(Dataset entries)
────

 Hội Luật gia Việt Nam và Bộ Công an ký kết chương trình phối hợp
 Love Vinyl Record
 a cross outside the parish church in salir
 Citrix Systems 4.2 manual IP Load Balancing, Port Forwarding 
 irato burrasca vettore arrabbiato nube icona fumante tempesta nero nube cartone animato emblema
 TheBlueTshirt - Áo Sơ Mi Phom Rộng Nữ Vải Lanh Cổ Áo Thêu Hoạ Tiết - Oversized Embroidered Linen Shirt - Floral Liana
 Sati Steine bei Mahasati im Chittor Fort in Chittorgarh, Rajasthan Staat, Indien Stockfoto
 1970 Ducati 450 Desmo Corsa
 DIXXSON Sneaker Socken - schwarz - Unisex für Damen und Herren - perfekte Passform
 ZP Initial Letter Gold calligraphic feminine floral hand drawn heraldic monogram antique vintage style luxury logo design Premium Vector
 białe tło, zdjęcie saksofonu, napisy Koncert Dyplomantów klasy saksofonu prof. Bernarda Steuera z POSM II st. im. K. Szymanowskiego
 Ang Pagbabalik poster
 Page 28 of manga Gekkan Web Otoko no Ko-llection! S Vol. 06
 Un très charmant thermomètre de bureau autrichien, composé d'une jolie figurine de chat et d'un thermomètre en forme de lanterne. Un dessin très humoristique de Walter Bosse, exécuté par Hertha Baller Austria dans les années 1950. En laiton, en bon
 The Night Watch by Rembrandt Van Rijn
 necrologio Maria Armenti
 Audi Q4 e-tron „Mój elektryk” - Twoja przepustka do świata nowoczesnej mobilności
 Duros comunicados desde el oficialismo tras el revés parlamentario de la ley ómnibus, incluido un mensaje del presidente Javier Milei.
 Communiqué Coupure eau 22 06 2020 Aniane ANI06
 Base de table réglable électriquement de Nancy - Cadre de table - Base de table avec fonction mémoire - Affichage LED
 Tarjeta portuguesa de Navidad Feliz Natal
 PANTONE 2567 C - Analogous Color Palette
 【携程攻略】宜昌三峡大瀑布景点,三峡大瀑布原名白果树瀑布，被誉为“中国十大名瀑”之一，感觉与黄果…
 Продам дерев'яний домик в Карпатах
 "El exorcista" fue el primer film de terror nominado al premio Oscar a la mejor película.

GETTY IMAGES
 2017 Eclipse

────

◆ **REQUIREMENT**
What you return must be the lines above that run from the line with "Love Vinyl Record" to the line with "Продам дерев'яний домик в Карпатах", inclusive, each copied exactly.

◆ **EXERCISE RESULT**
 Love Vinyl Record
 a cross outside the parish church in salir
 Citrix Systems 4.2 manual IP Load Balancing, Port Forwarding 
 irato burrasca vettore arrabbiato nube icona fumante tempesta nero nube cartone animato emblema
 TheBlueTshirt - Áo Sơ Mi Phom Rộng Nữ Vải Lanh Cổ Áo Thêu Hoạ Tiết - Oversized Embroidered Linen Shirt - Floral Liana
 Sati Steine bei Mahasati im Chittor Fort in Chittorgarh, Rajasthan Staat, Indien Stockfoto
 1970 Ducati 450 Desmo Corsa
 DIXXSON Sneaker Socken - schwarz - Unisex für Damen und Herren - perfekte Passform
 ZP Initial Letter Gold calligraphic feminine floral hand drawn heraldic monogram antique vintage style luxury logo design Premium Vector
 białe tło, zdjęcie saksofonu, napisy Koncert Dyplomantów klasy saksofonu prof. Bernarda Steuera z POSM II st. im. K. Szymanowskiego
 Ang Pagbabalik poster
 Page 28 of manga Gekkan Web Otoko no Ko-llection! S Vol. 06
 Un très charmant thermomètre de bureau autrichien, composé d'une jolie figurine de chat et d'un thermomètre en forme de lanterne. Un dessin très humoristique de Walter Bosse, exécuté par Hertha Baller Austria dans les années 1950. En laiton, en bon
 The Night Watch by Rembrandt Van Rijn
 necrologio Maria Armenti
 Audi Q4 e-tron „Mój elektryk” - Twoja przepustka do świata nowoczesnej mobilności
 Duros comunicados desde el oficialismo tras el revés parlamentario de la ley ómnibus, incluido un mensaje del presidente Javier Milei.
 Communiqué Coupure eau 22 06 2020 Aniane ANI06
 Base de table réglable électriquement de Nancy - Cadre de table - Base de table avec fonction mémoire - Affichage LED
 Tarjeta portuguesa de Navidad Feliz Natal
 PANTONE 2567 C - Analogous Color Palette
 【携程攻略】宜昌三峡大瀑布景点,三峡大瀑布原名白果树瀑布，被誉为“中国十大名瀑”之一，感觉与黄果…
 Продам дерев'яний домик в Карпатах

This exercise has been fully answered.